To fit a single autoencoder with the matrix subspace projection loss (and the default CAE BehaveNet architecture), edit the model_class and msp.alpha parameters of the ae_model.json file:

{
"experiment_name": "ae-example",
"model_type": "conv",
"n_ae_latents": 12,
"l2_reg": 0.0,
"rng_seed_model": 0,
"fit_sess_io_layers": false,
"ae_arch_json": null,
"model_class": "cond-ae-msp",
"msp.alpha": 1e-4,
"conditional_encoder": false
}

The msp.alpha parameter needs to be tuned for each dataset, but msp.alpha=1.0 is a reasonable starting value if the labels have each been z-scored.

Note

The matrix subspace projection model implemented in BehaveNet learns a linear mapping from the original latent space to the predicted labels that does not contain a bias term.
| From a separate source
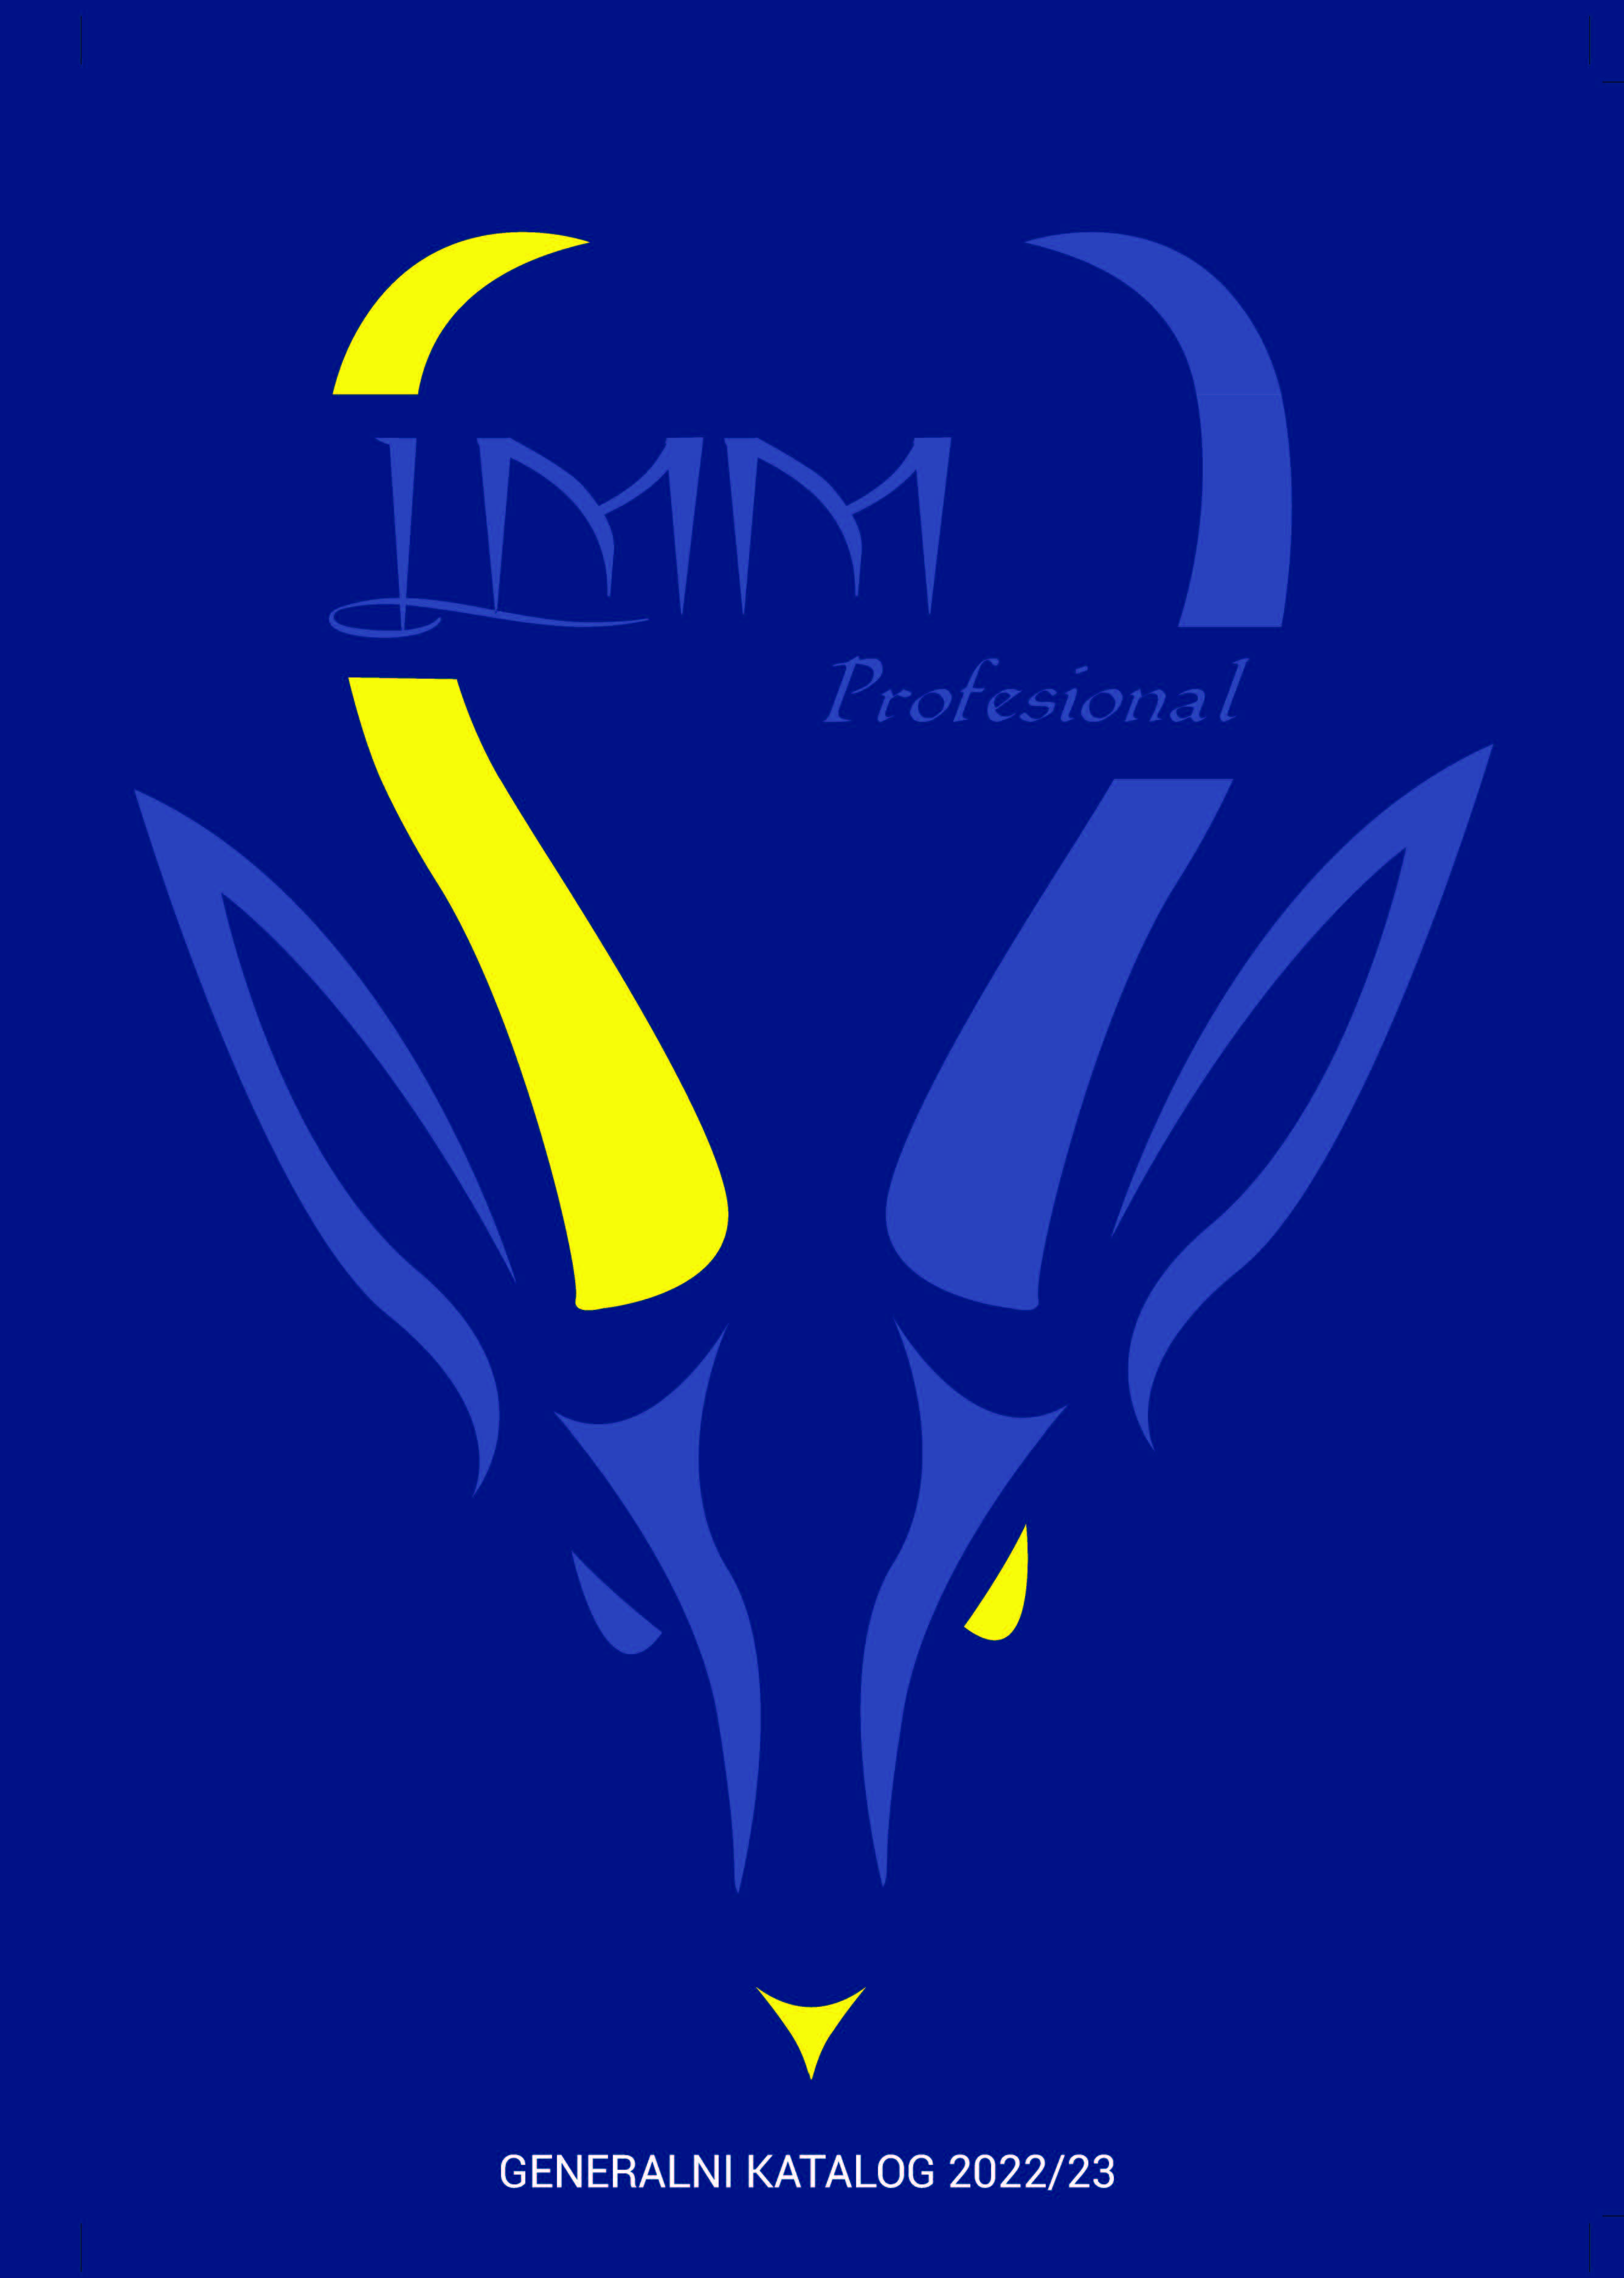 Katalog LMM Profesional katalog

Therefore you should center each label before adding them to the HDF5 file. Additionally, normalizing each label by its standard deviation can make searching across msp weights less dependent on the size of the input image.

Then to fit the model, use the ae_grid_search.py function using this updated model json. All other input jsons remain unchanged.

Partitioned subspace variational autoencoder

One downside to the MSP model introduced in the previous section is that the representation in the unsupervised latent space may be difficult to interpret. The partitioned subspace VAE (PS-VAE) attempts to remedy this situation by encouraging the unsupervised representation to be factorized, which has shown to help with interpretability (see paper here).

To fit a single PS-VAE (and the default CAE BehaveNet architecture), edit the model_class, ps_vae.alpha, ps_vae.beta, and ps_vae.anneal_epochs parameters of the ae_model.json file:

{
"experiment_name": "ae-example",
"model_type": "conv",
"n_ae_latents": 12,
"l2_reg": 0.0,
"rng_seed_model": 0,
"fit_sess_io_layers": false,
"ae_arch_json": null,
"model_class": "ps-vae",
"ps_vae.alpha": 1000,
"ps_vae.beta": 10,
"ps_vae.anneal_epochs": 100,
"conditional_encoder": false
}

The ps_vae.alpha and ps_vae.beta parameters need to be tuned for each dataset. See the guidelines for setting these parameters here.

Then to fit the model, use the ae_grid_search.py function using this updated model json. All other input jsons remain unchanged. See the hyperparameter search guide for information on how to efficiently search over the ps_vae.alpha and ps_vae.beta hyperparameters.